Franc Jozeph Island

Geography
- Location: Buna river
- Coordinates: 41°50′50″N 19°22′29″E﻿ / ﻿41.84722°N 19.37472°E
- Area: 0.05 km^{2} (0.019 sq mi)
- Highest elevation: 4 m (13 ft)

Administration
- Albania
- County: Shkodër County
- Municipal unit: Velipojë

= Franc Jozeph Island =

Island in Albania

Franc Jozeph Island (or Franz Josef, Franz Jozeph, etc.) (Ishulli i Franc Jozefit) was an island located at the mouth of the Buna river in Albania.

== Geography ==
The island was made up of rich alluvial soil and becomes a peninsula depending on the size of the river's flow. This island was an important nesting ground for many seabirds, especially the family Ardeidae.
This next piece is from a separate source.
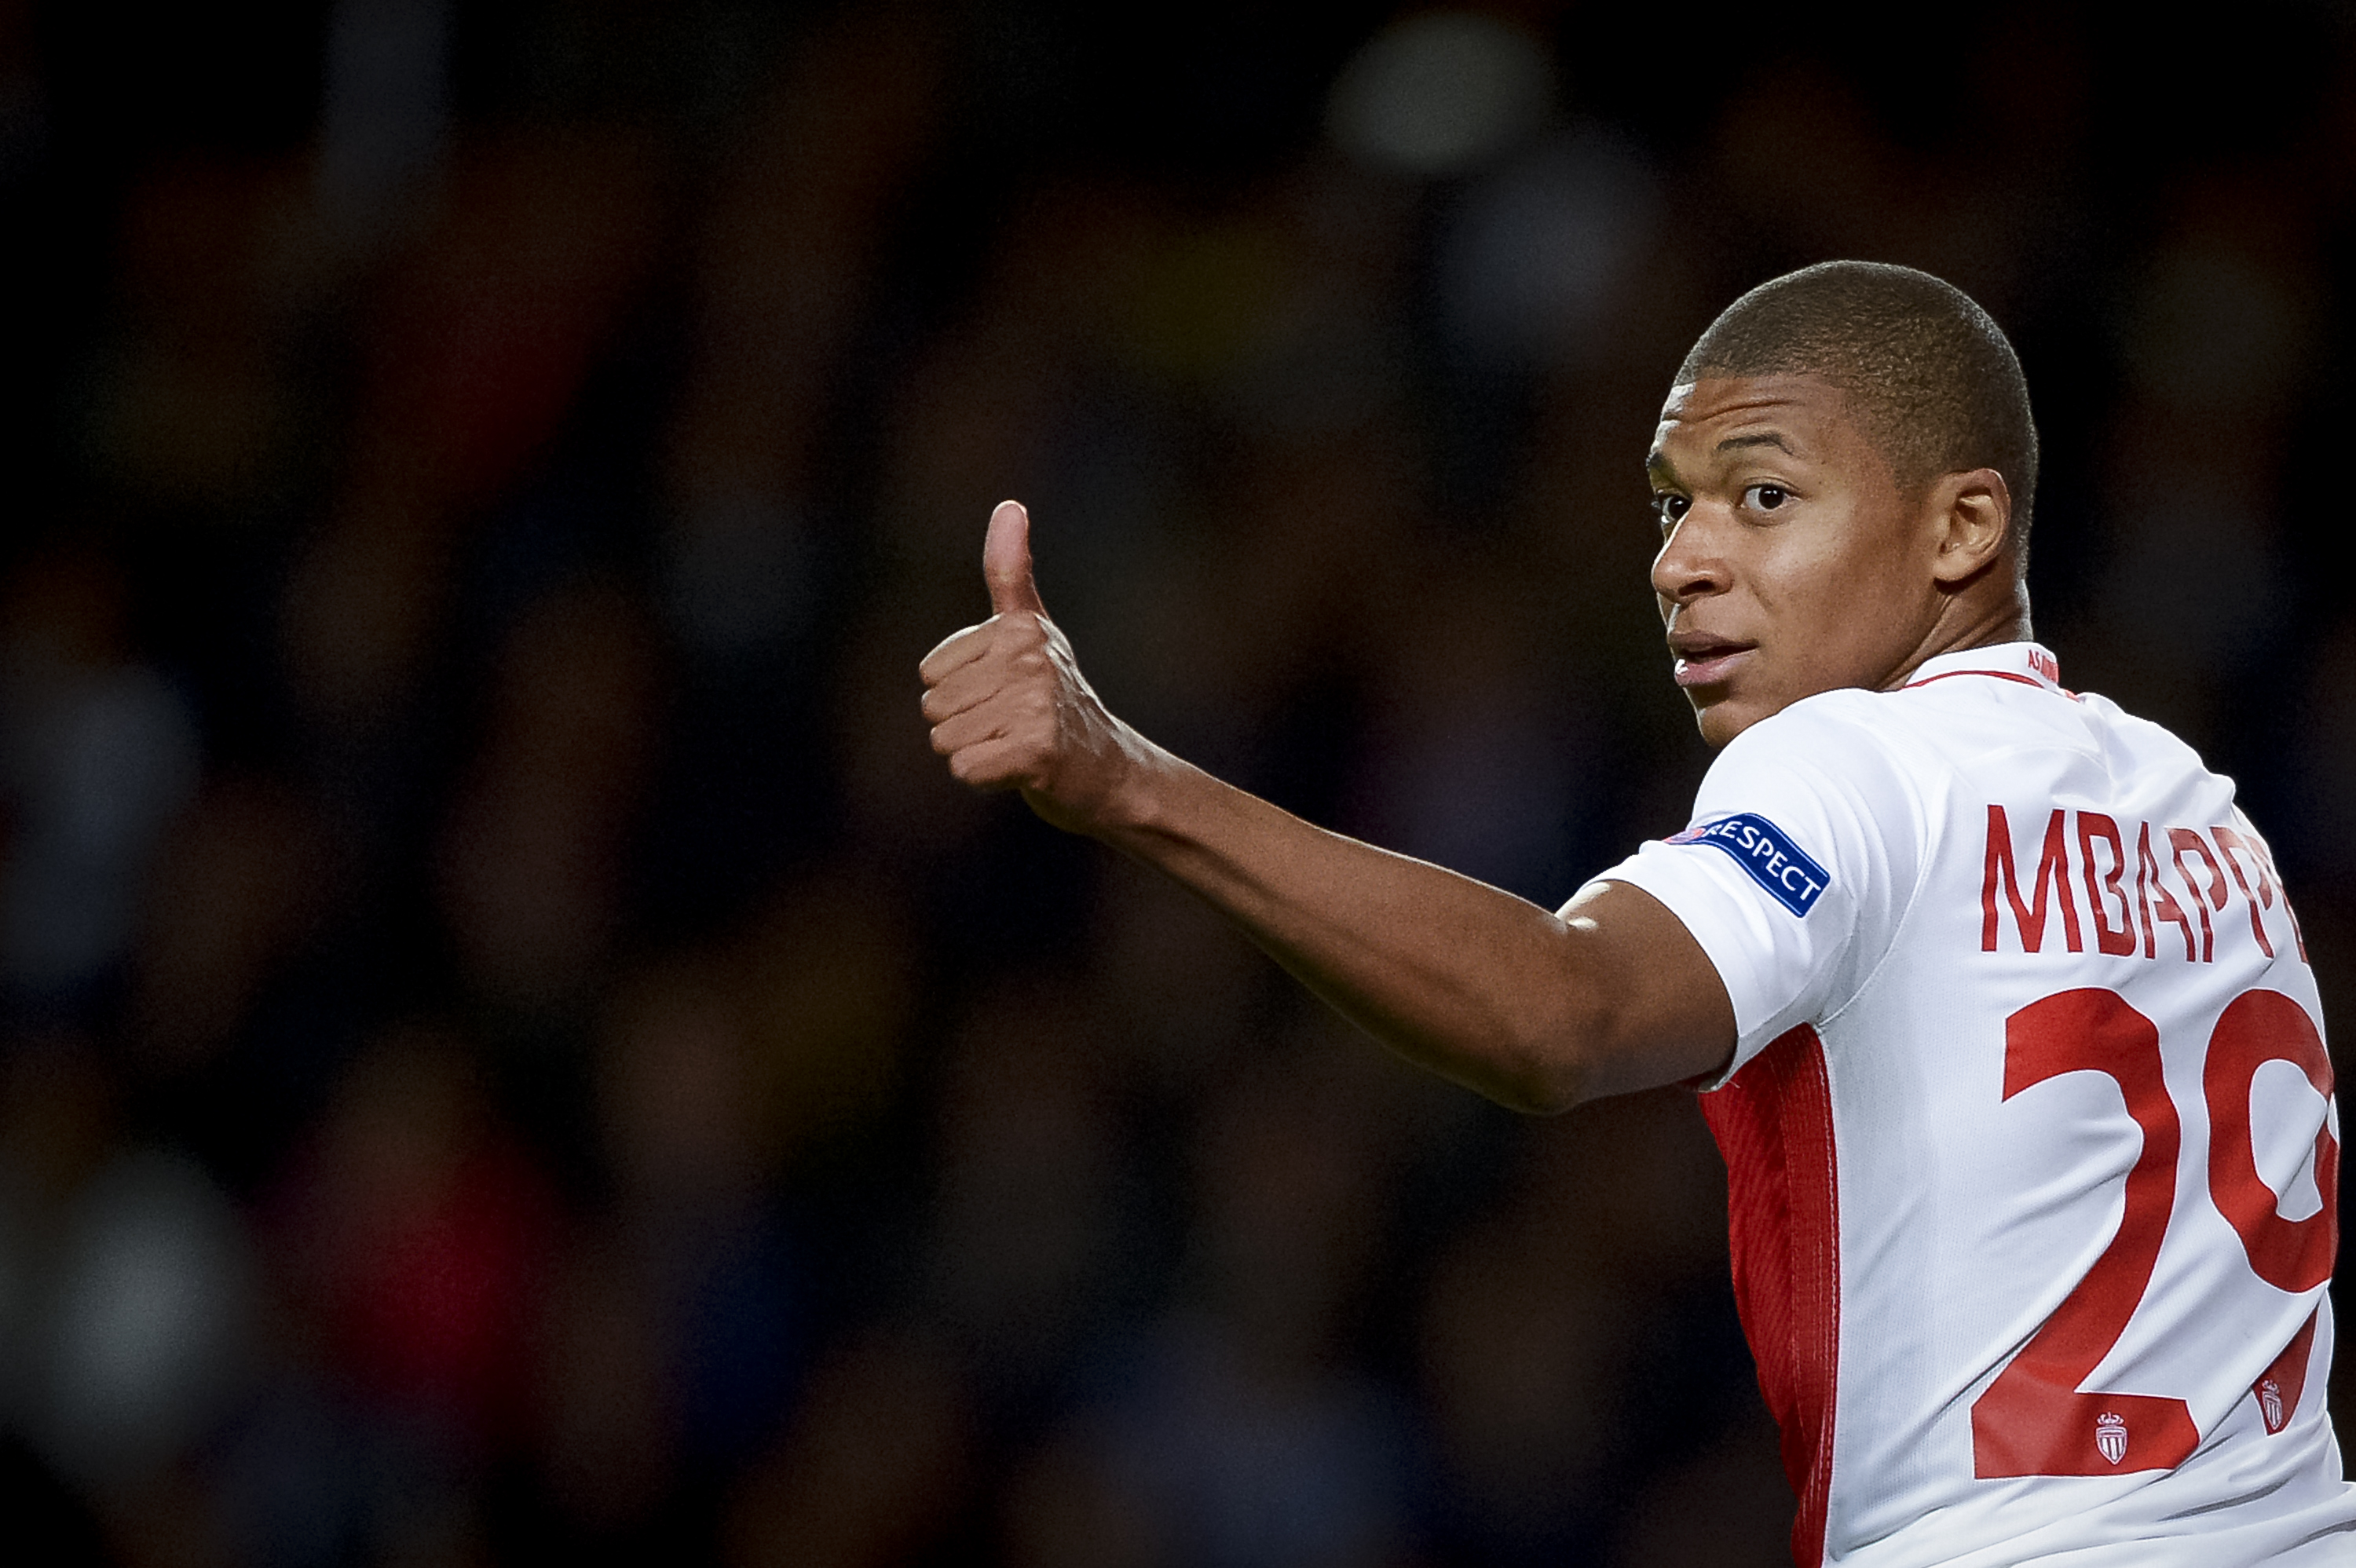 Kylian Mbappe wants to transfer to Real Madrid in the summer

The island was low ground covered with a sandy seashore and dominated by alder trees. The trees were mostly 75 years of age and reached a height of 16 m. The island received few foreign tourists and was attractive for its quietness.

The name of the island was given by Austrian cartographers in 1870. It is believed that the name was chosen in honor of the Emperor Franz Joseph I of Austria.

Franz Joseph Island disappeared in 2011.